I am back from ACFW. What a great conference!
It definitely was a different experience, being there as a board member. Mostly because I had that little sticker on my name badge saying "Board Member." For those of you who don't know me well, I am an introvert, and saying hi to someone I don't know well is an exercise in sheer terror. But this year, that little sticker made me step out and say hello to everyone I encountered. I think I even smiled at them without baring teeth and looking like a rabid dog. Since I represented an organization and not just me, I moved beyond myself and reached out to others. I know this will come as a great shock to other introverts, but it didn't kill me.
Some readers, especially those observing me with my peeps, may argue that I'm an extrovert, given my happiness and joy at being with said peeps. Sorry, but no. I was giddily happy to be with them, but mostly because they are my peeps, the ones who know me, the real me, and love me anyway. It's hard being a weird writer type. So even though being around people isn't very fun for me, being around the ones who know and love me is a wonderful feeling.
But now I am ready to crawl back into my hole and not have to smile at or be nice to another living being for a while now. Partially because in all that love and sharing and other usually yucky stuff, I managed to come home with a cold. I literally boarded the plane, and POOF! There it was. Thank you, strangers of whom I am usually afraid, for your gift. Now you know why I fear you. ;)
What did I learn at conference?
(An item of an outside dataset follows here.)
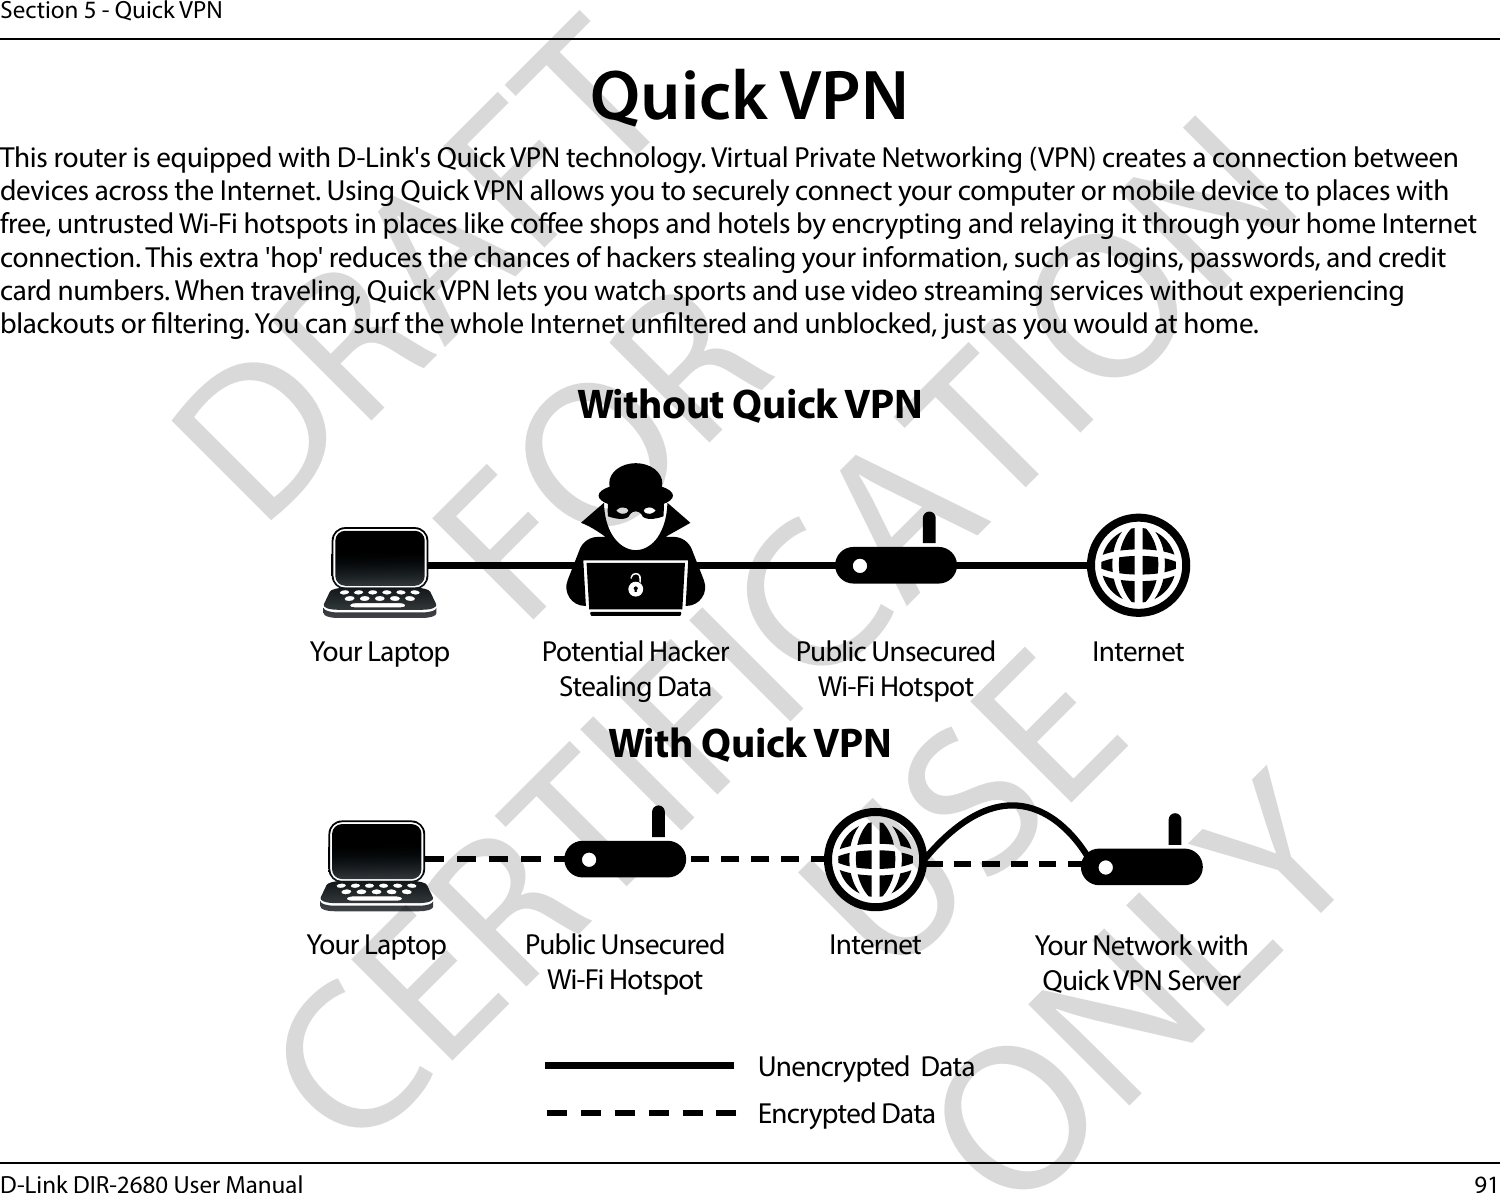 91D-Link DIR-2680 User ManualSection 5 - Quick VPNWith Quick VPNUnencrypted DataEncrypted DataYour Network with Quick VPN ServerInternetPublic Unsecured Wi-Fi HotspotYour LaptopThis router is equipped with D-Link&apos;s Quick VPN technology. Virtual Private Networking (VPN) creates a connection between devices across the Internet. Using Quick VPN allows you to securely connect your computer or mobile device to places with free, untrusted Wi-Fi hotspots in places like coee shops and hotels by encrypting and relaying it through your home Internet connection. This extra &apos;hop&apos; reduces the chances of hackers stealing your information, such as logins, passwords, and credit card numbers. When traveling, Quick VPN lets you watch sports and use video streaming services without experiencing blackouts or ltering. You can surf the whole Internet unltered and unblocked, just as you would at home.Public Unsecured Wi-Fi HotspotInternetYour Laptop Potential Hacker Stealing DataWithout Quick VPNQuick VPNDRAFT FOR CERTIFICATION USE ONLY

Ummmmmmm....
I still can't tell you. Well, I could, but it would take about a year. Maybe longer. My friend on Twitter asked for a headline, and I'm not sure it really fit where I'm at. My precious friend Rachel Hauck sang the "W" song. I won't list it here, because it's one of the worst swear words a person can say, and I don't want to great struck by lightning. The "W" word has long been a thorn in my side. Partially it's about the writing, but it's also about a lot of other things in my life too. And the truth is, I'm tired. Which is why God is so gracious to me in bringing friends alongside me to hold me up, cheer me on, and be my peeps. All I know is that groundwork is being laid for God's work in me. What, I don't know. When, I don't know. Yet I am comforted knowing that I don't have to go through this alone.
As much as this introvert who would just as soon spend the rest of her life all by herself in a mountain cabin somewhere ala Unabomber, I'm going to go out on a limb here and say that I am learning not to be so afraid of people. And okay, while I have a captive audience, I may as well admit that I'd never be able to go without electricity and running water. I'm even willing to admit that I need people in my life. And I am so grateful for the ones who are there. Even during the rough times, they're willing to stay by my side. And a few of them are even willing to help me hide the bodies. ;)
So yeah, it was a good conference. Mostly because I was able to see beyond my fears and realize the amazing people God has put in my life. I'm still playing the "W" game, but it's a lot more bearable with the team I'm on.
5 comments:
It was so good to meet you at conference this year, Danica! And thank you so much for the card you brought me in the bookstore - that was so special!
Danica, being an introvert too I totally understand. I have to push my self hard to be around groups of people unless they are my peeps, as you say.
When I have spent time at a gathering that lasts several days, like a conference, I need alone time because I am totally drained from the effort of being around so many people. My batteries are drained and it takes awhile to recharge.
Take the time you need and I pray that you find the direction God is leading you is one that is easy for you to slip into.
Janna, I'm glad you liked the card. We wanted to do something special for you to thank you for all your hard work.
Thanks Diane. I think I'm on the upswing of recharging.
Hi Danica- I keep reading other blogger's stories about the conference and it sounds like it was amazingly fun! I'm so jealous... I might have to go next year!